So I go and meet them [00:40:00] and, met with Dr. Siamak Arzanpour and Dr. Ed Park, who are the professors, the co-founders of this idea the small group of students who had just done a feasibility test And I met them and took a look at it. And at that point they only had this little tiny rotating joint that was a proof of concept that could show that we could build an exoskeleton that had all the degrees of freedom of an, able bodied human
That would allow us to be able to build an advanced exoskeleton that could be used independently
Andrea: So fully articulated
Chloë: fully,
Andrea: Got it.
Chloë: when I saw that, I was like, this is what I'm looking for
Andrea: Wow.
Chloë: to build this. you're gonna build this. Right? And at the time, the professors and the students were in the university, so they were like, yes, we want to, but we're not sure how or what we're going to do with it.
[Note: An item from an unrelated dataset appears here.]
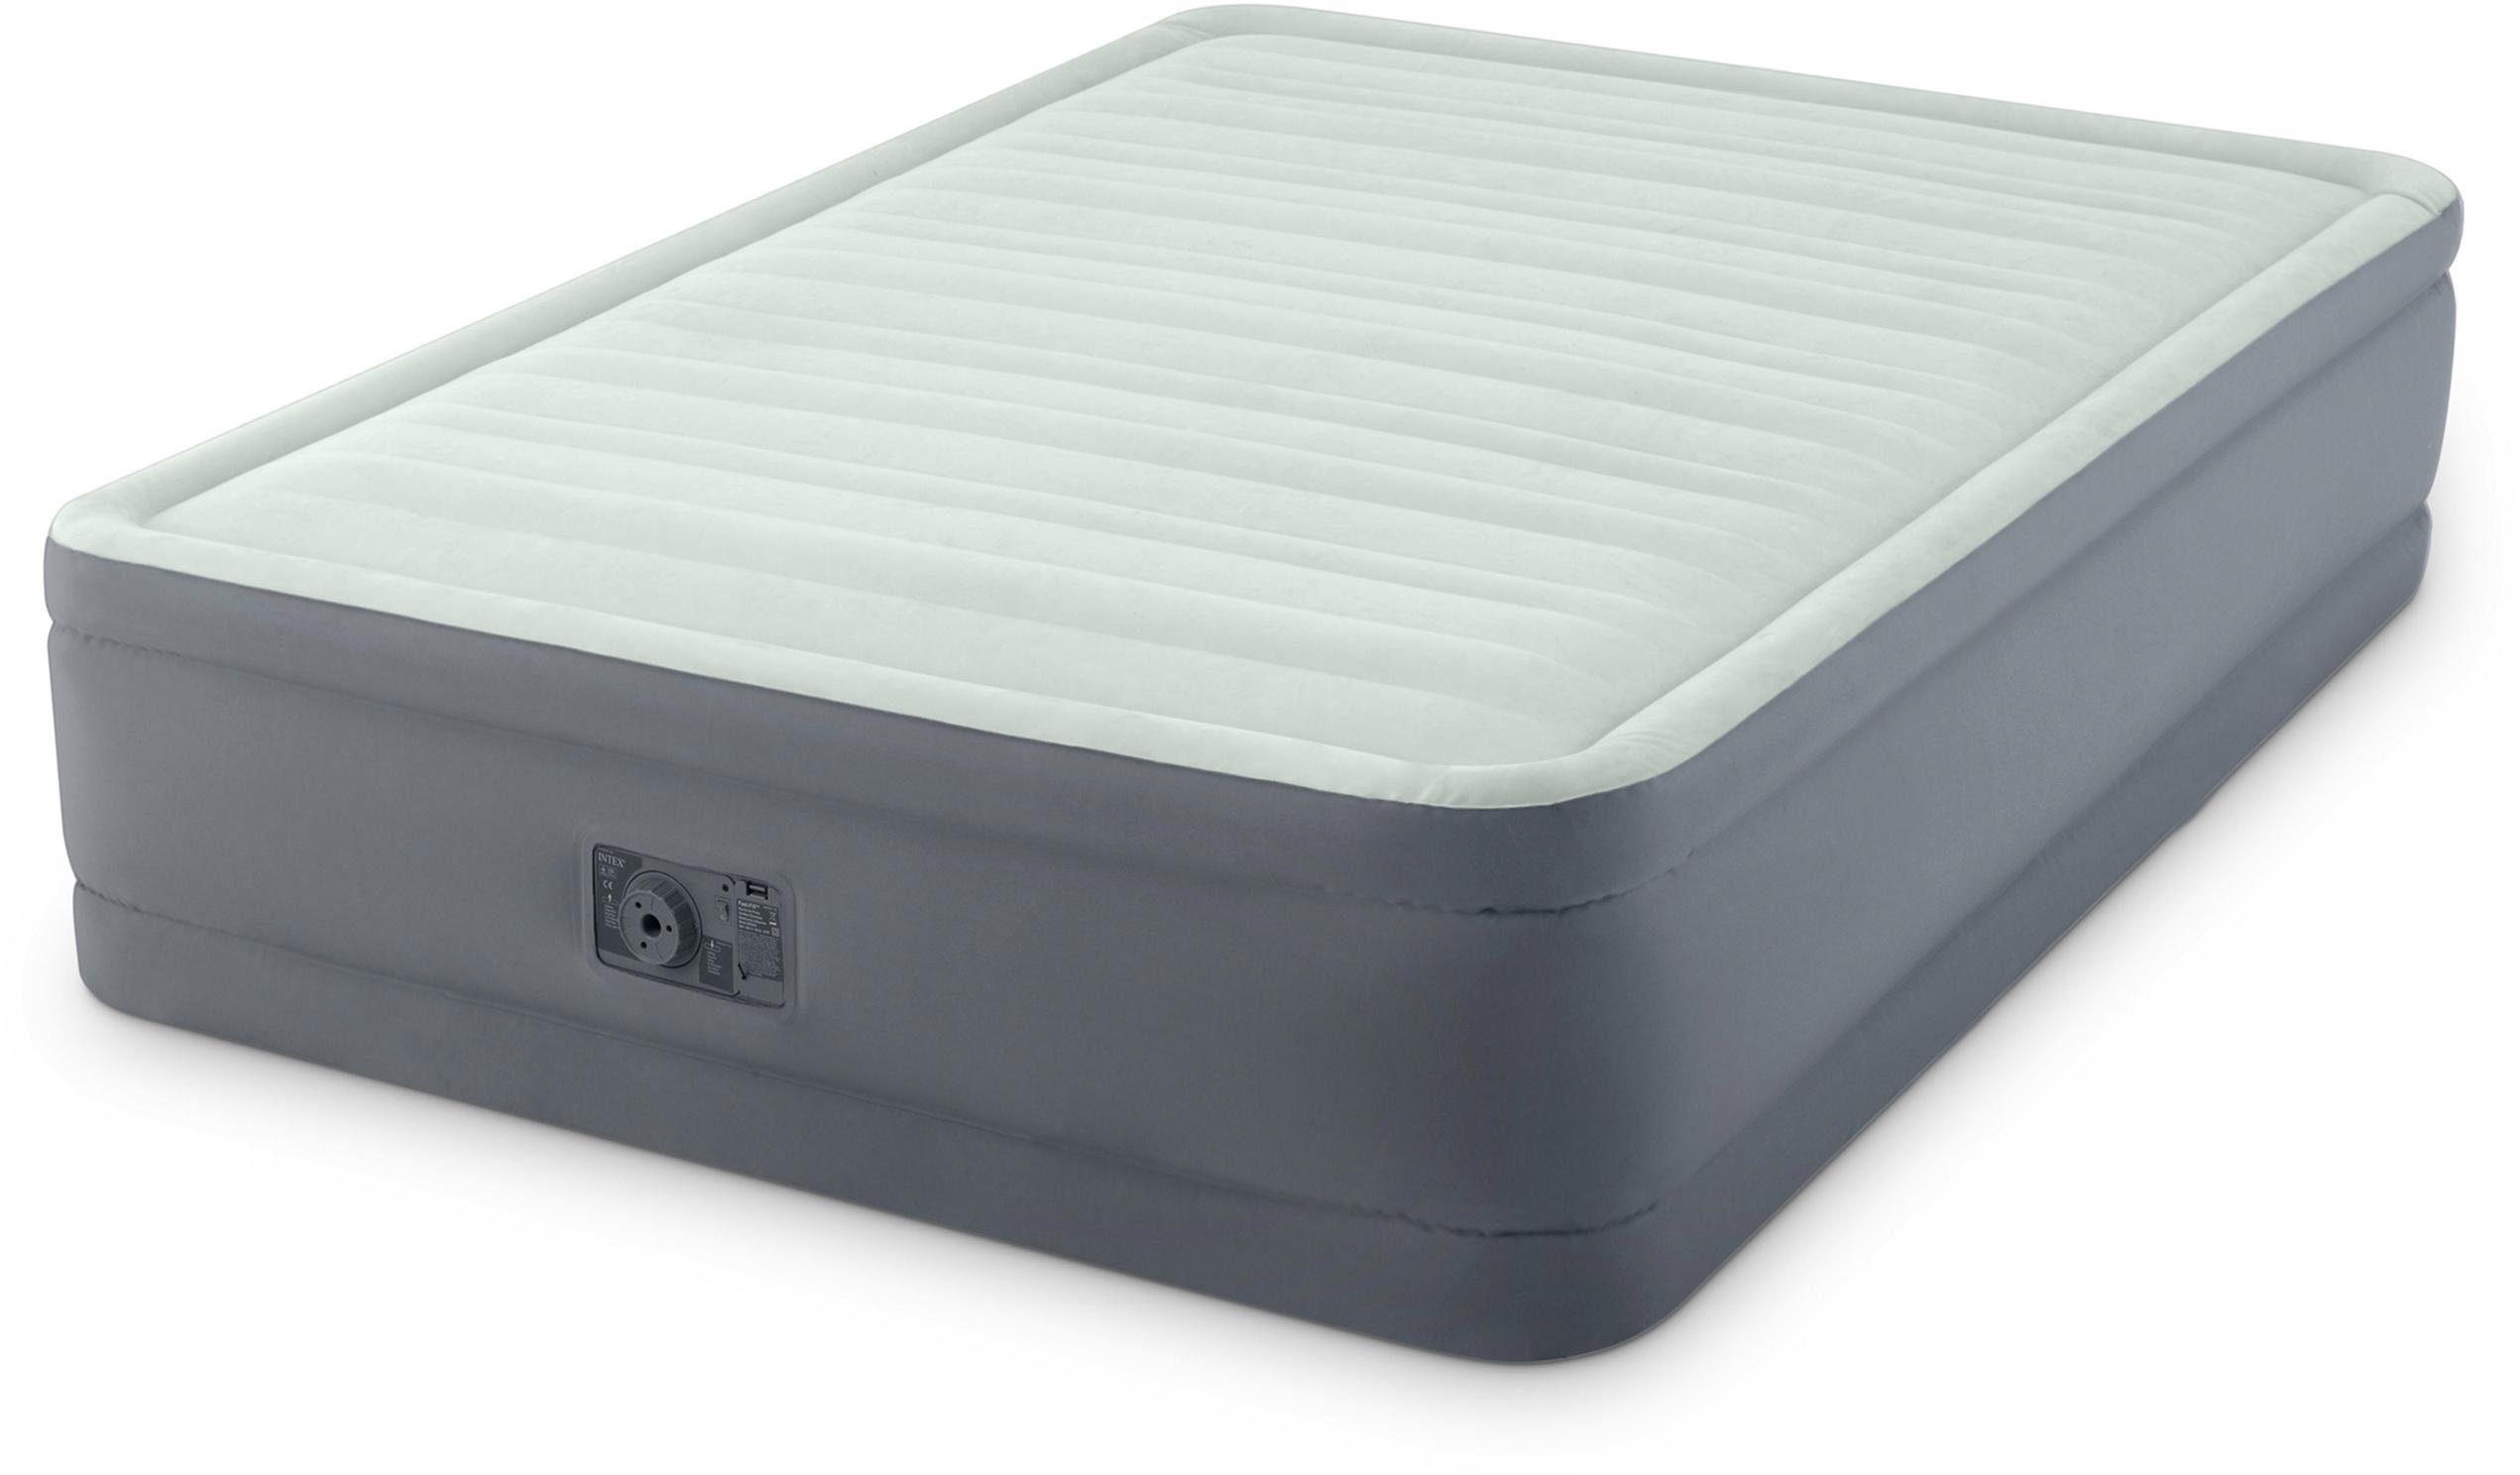 Intex Luftbett mit integrierter Elektropumpe, »PremAire Airbed«

And, and that's when I came in to be the why, why you're doing [00:41:00] this, which is take one, look at me and understand that I want my life back, the
Andrea: Mm-hmm. Mm-hmm.
Chloë: injury that allowed me to access the world around me as an independent woman. and that healthy, active person that I'd always been. so. I've been stuck to them like glue ever since we, leap forward these number of years. We've had incredible adventures. I've been to London, I've been to Dubai and met the Prince. I,
have, uh, walked in five different countries now. Um, almost a quarter million steps since somebody told me I'd never walk again.
So.
So together, the team at Human Emotion Robotics, co-founders and the, and the team, we've been able to grow this incredible little company on morals, logic, and it's really built on pennies
Andrea: Mm mm.
Chloë: we just took it on and I did everything that I could to support [00:42:00] that company to be the voice and to be the face and the reason and the push behind, why we were doing this. Because wheelchairs are not our only choice now
Andrea: Mm-hmm.
Chloë: acceptable that you don't have other choices that keep people healthier and more active and more independent.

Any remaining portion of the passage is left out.